> _Data extracts_:
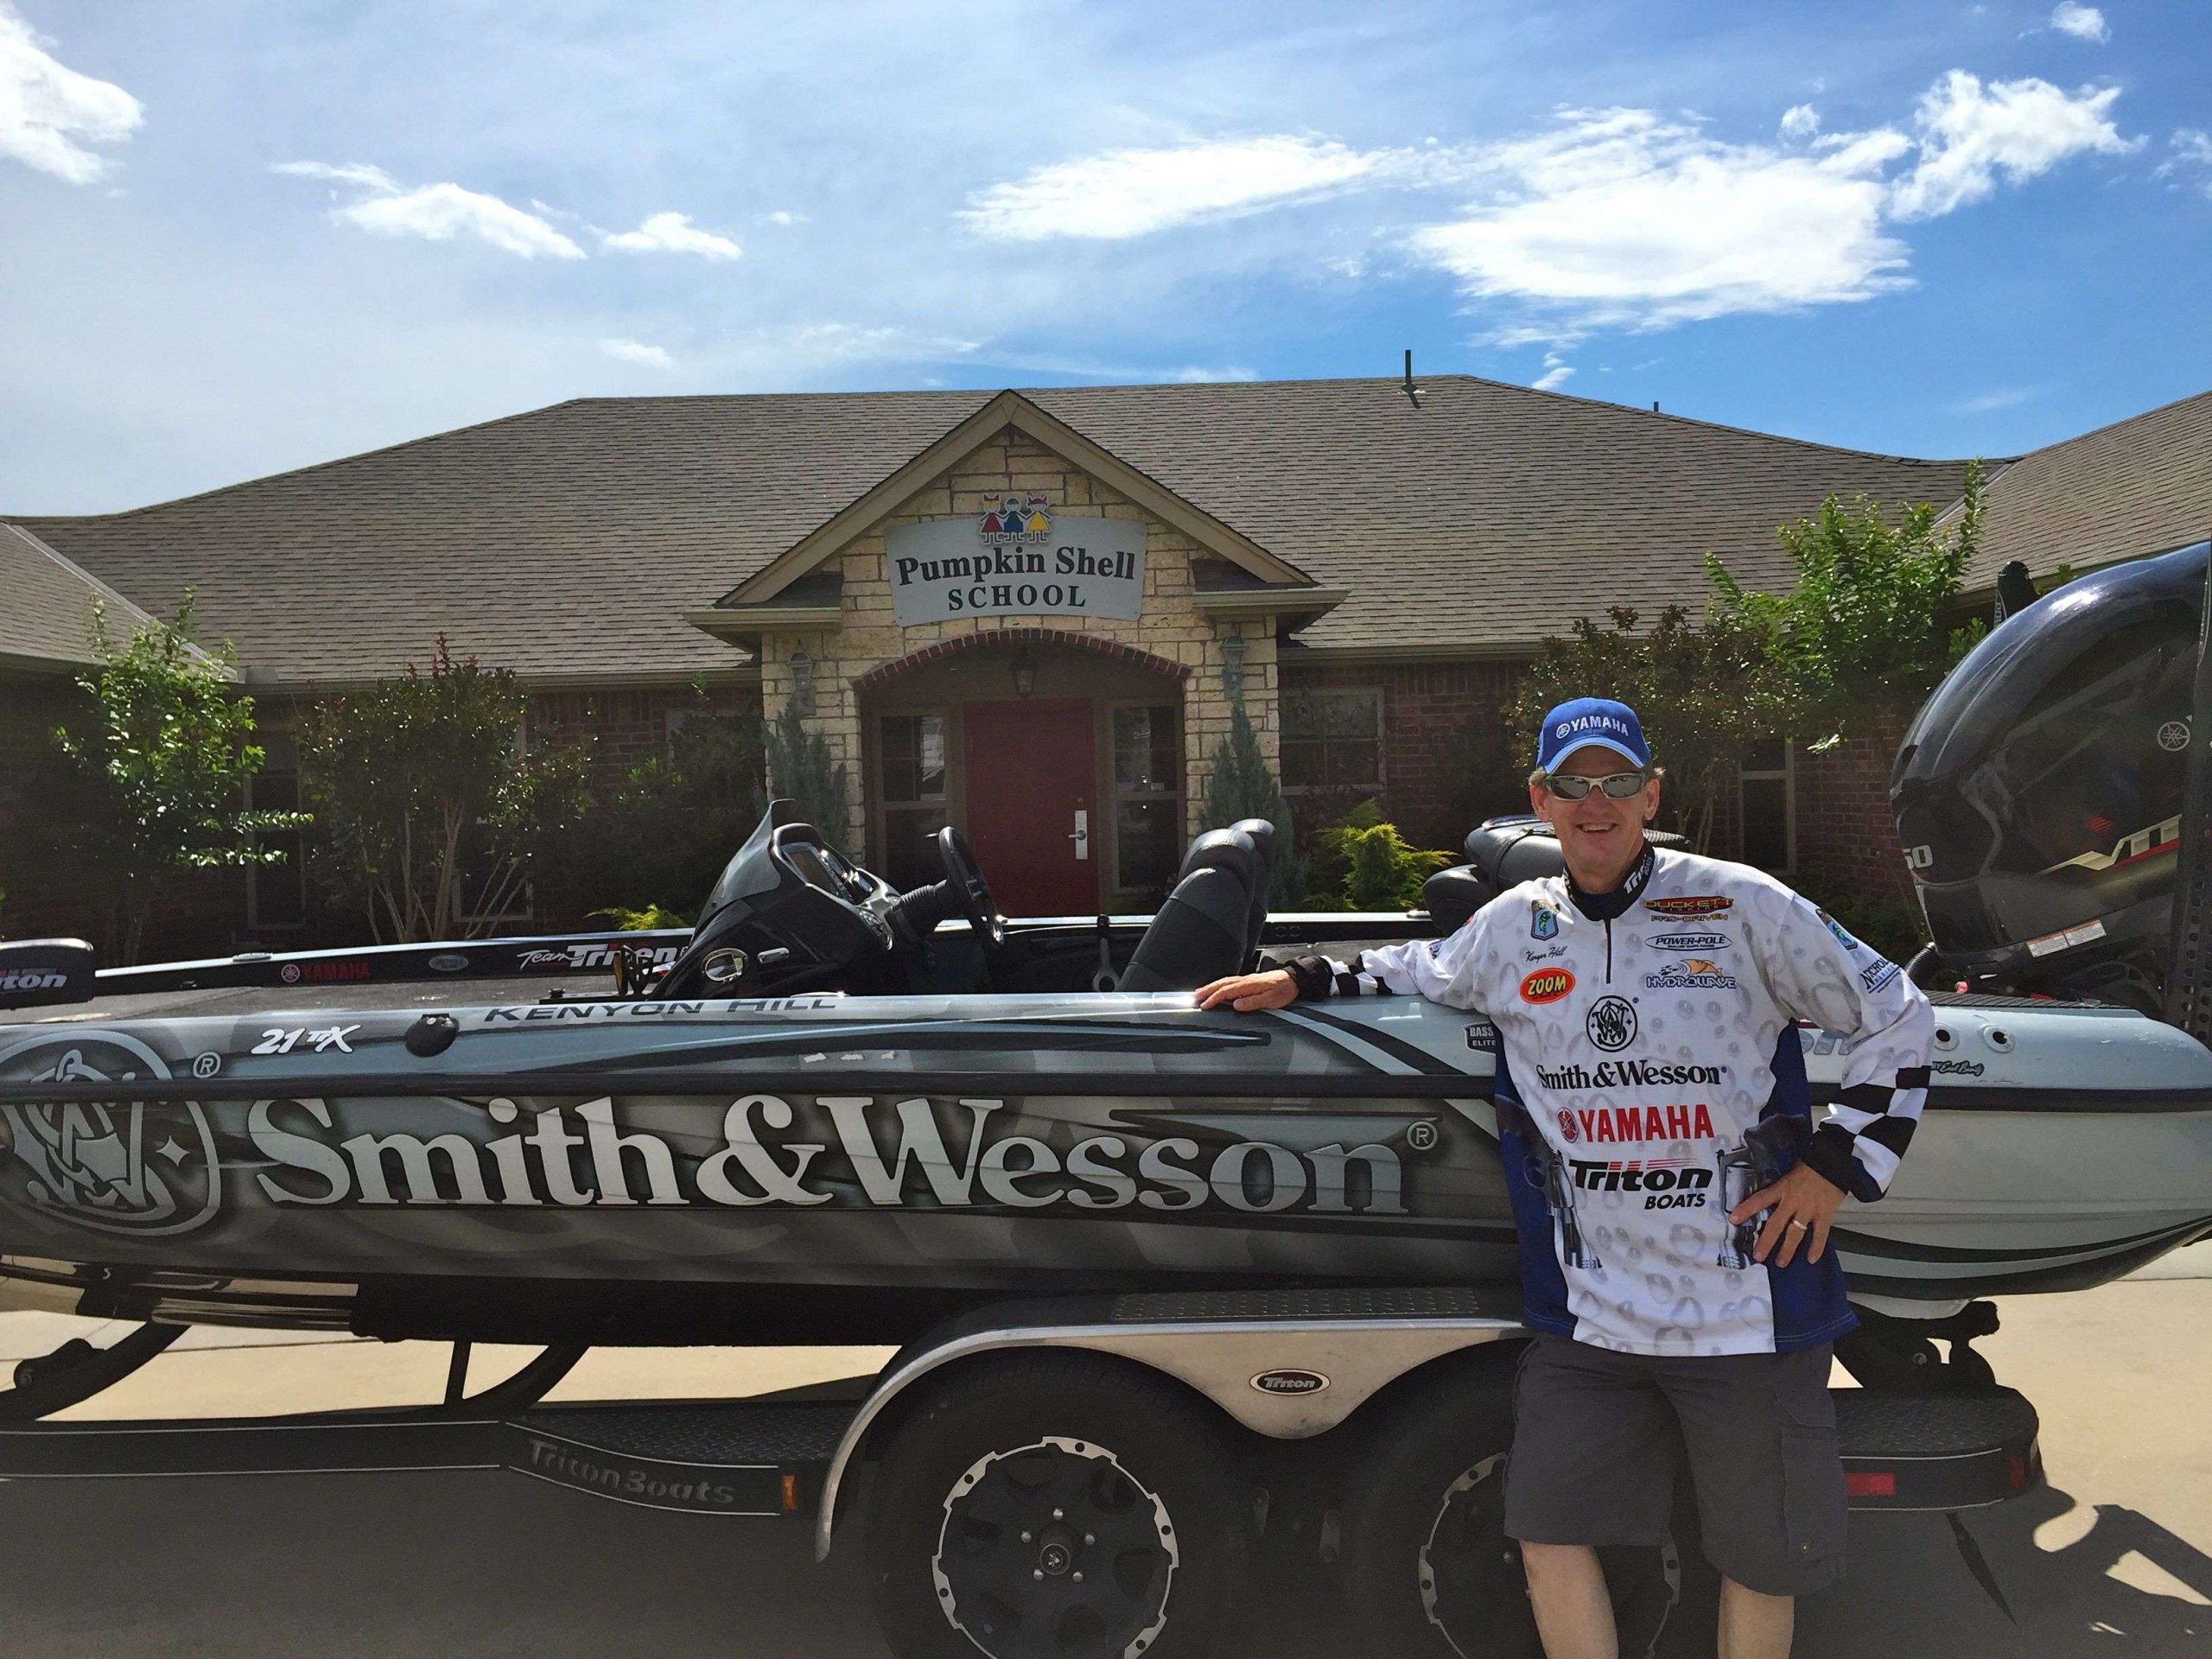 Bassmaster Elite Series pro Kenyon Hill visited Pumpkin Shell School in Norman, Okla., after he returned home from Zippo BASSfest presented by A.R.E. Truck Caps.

--

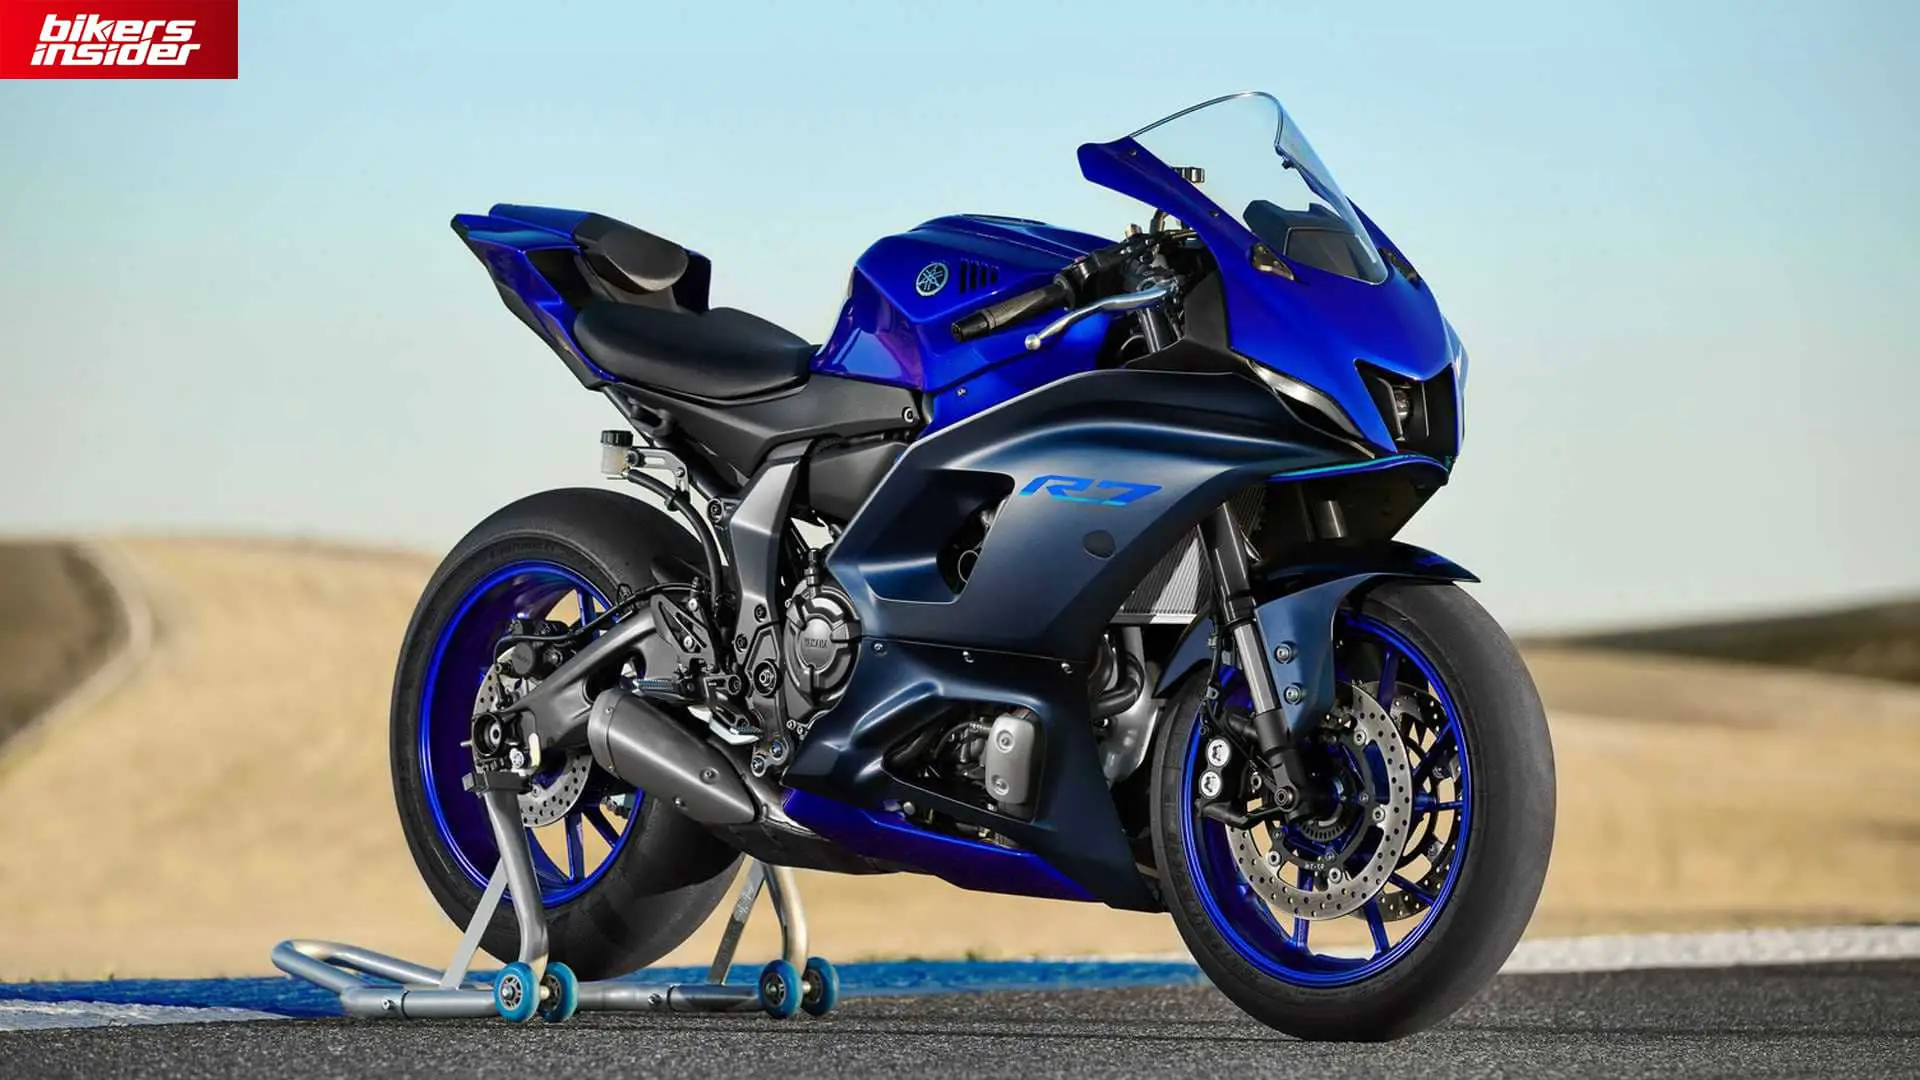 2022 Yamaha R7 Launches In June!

==

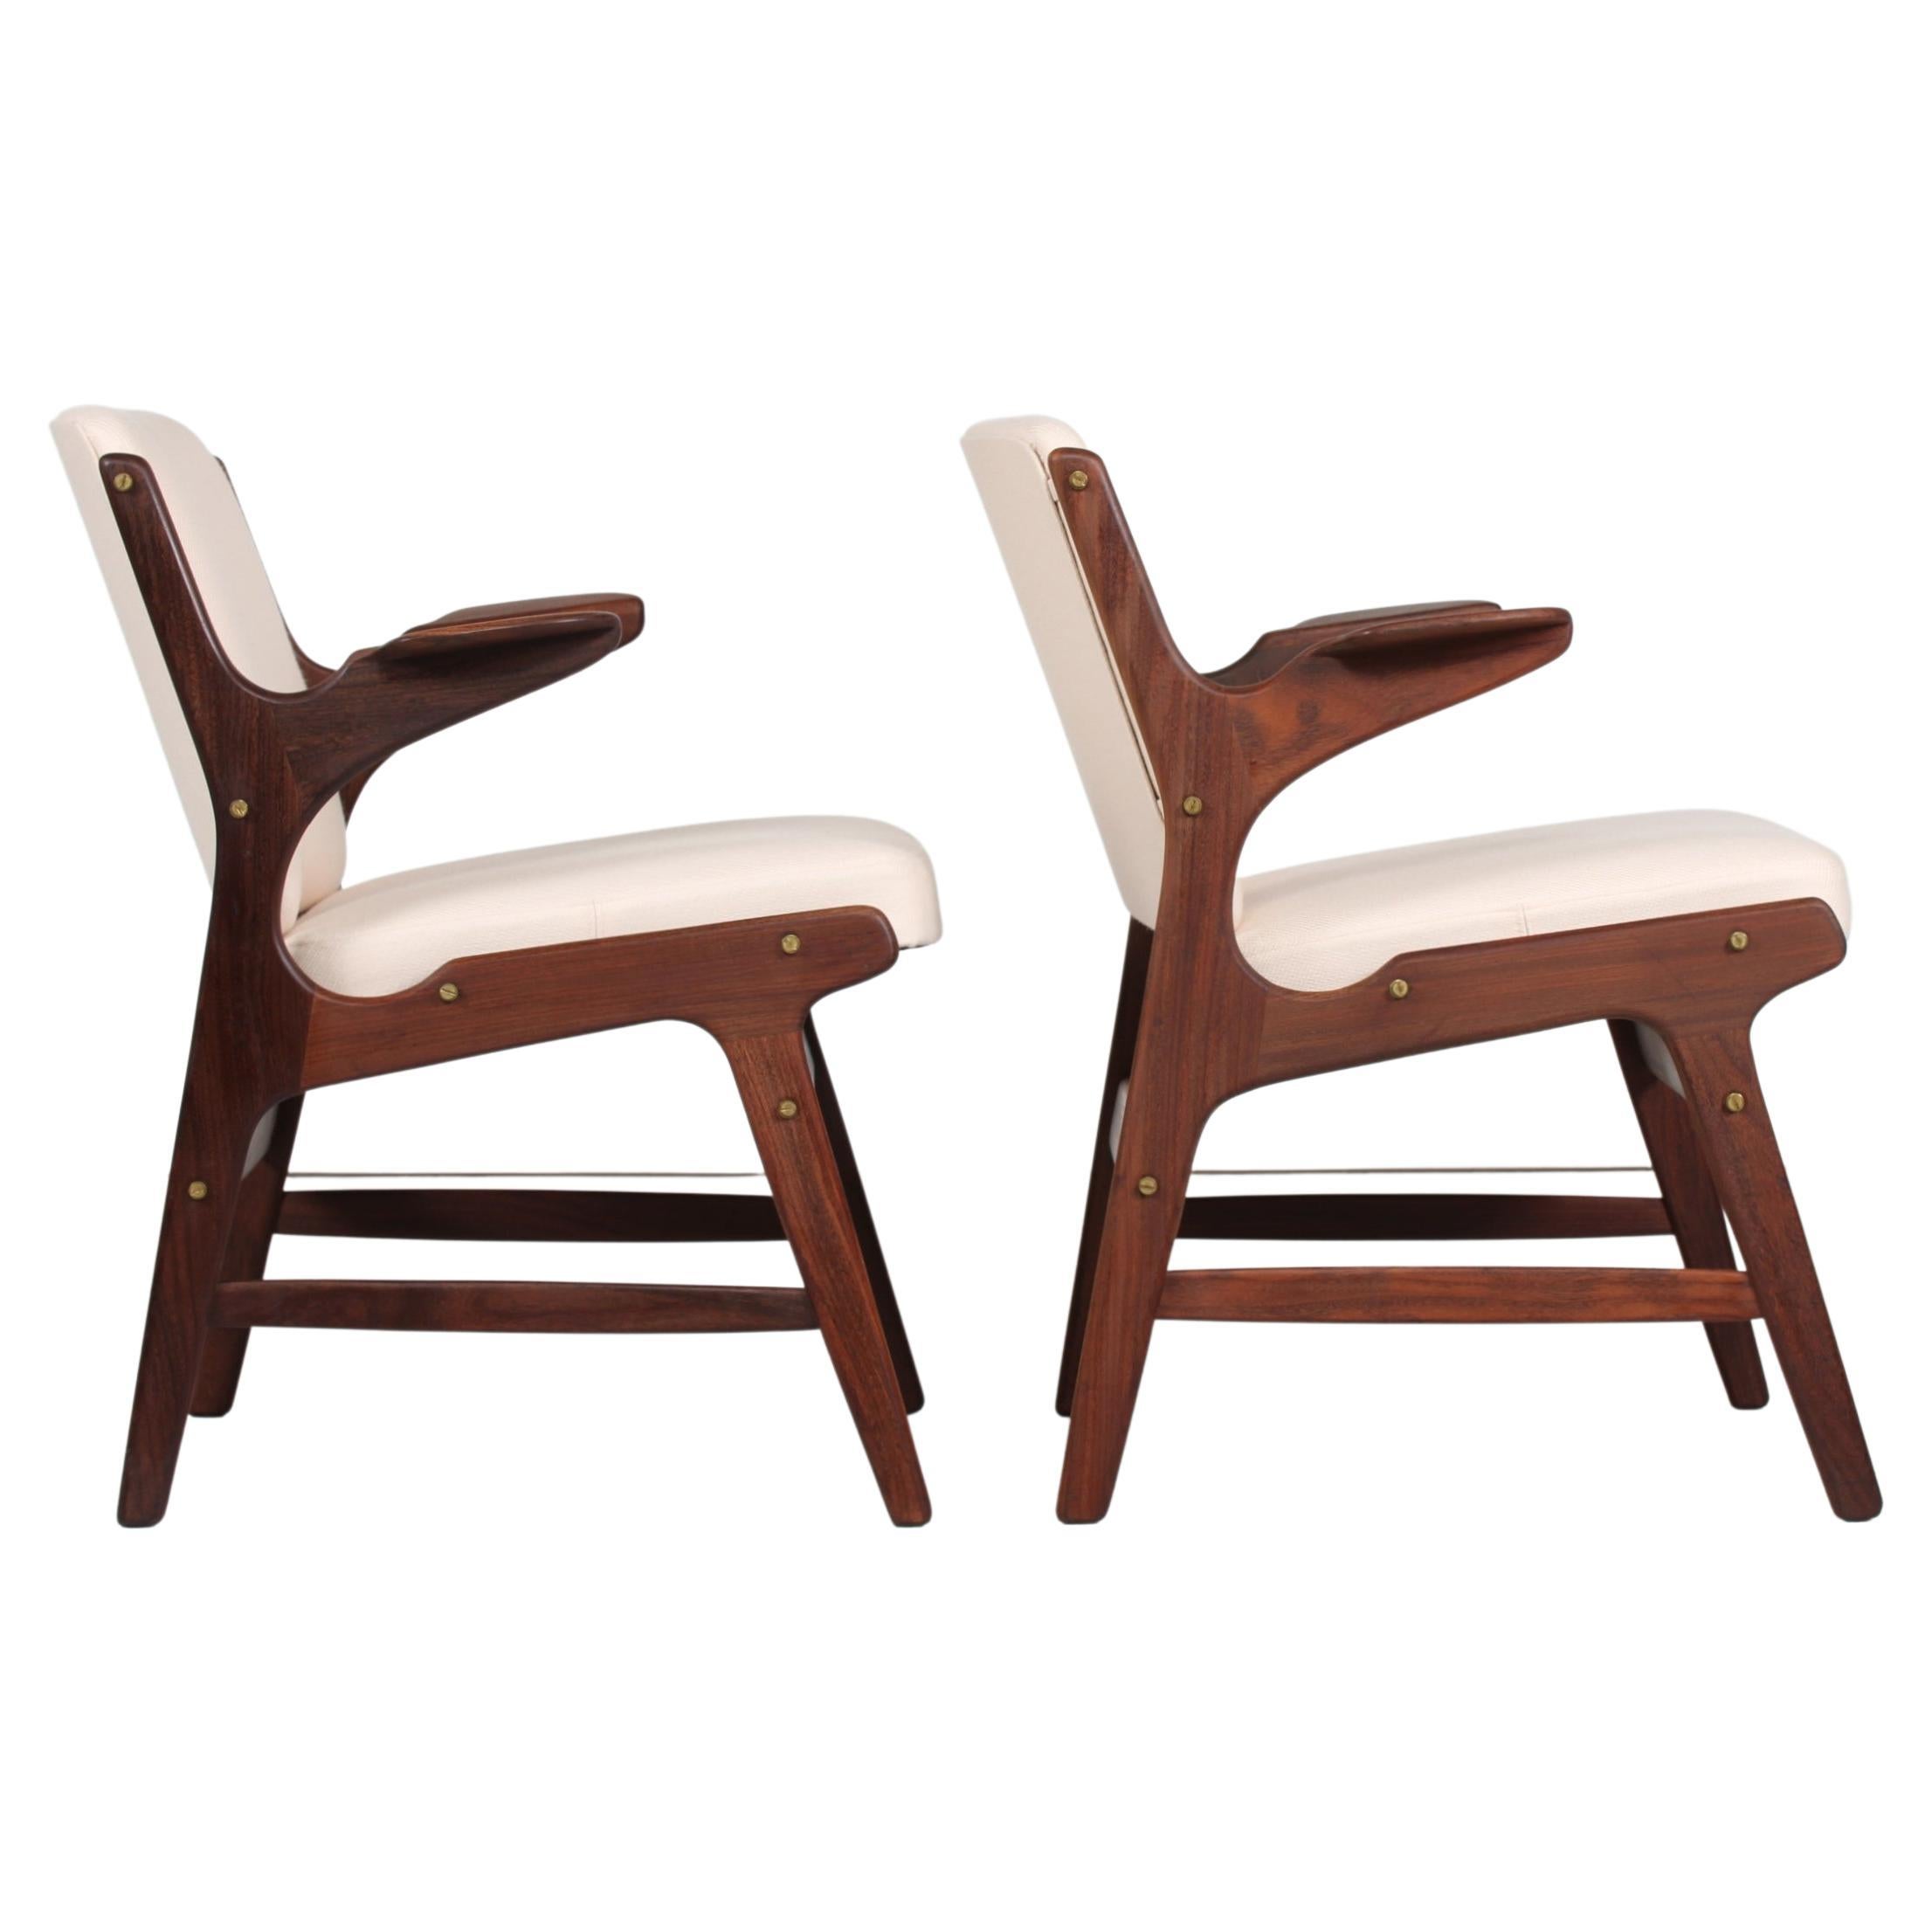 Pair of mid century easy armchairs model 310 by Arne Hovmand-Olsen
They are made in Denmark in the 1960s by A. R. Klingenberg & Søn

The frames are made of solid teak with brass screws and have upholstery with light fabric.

> _Your goal_:
Review the preceding data and report every line that includes the string "made".

> _Reply_:
They are made in Denmark in the 1960s by A. R. Klingenberg & Søn
The frames are made of solid teak with brass screws and have upholstery with light fabric.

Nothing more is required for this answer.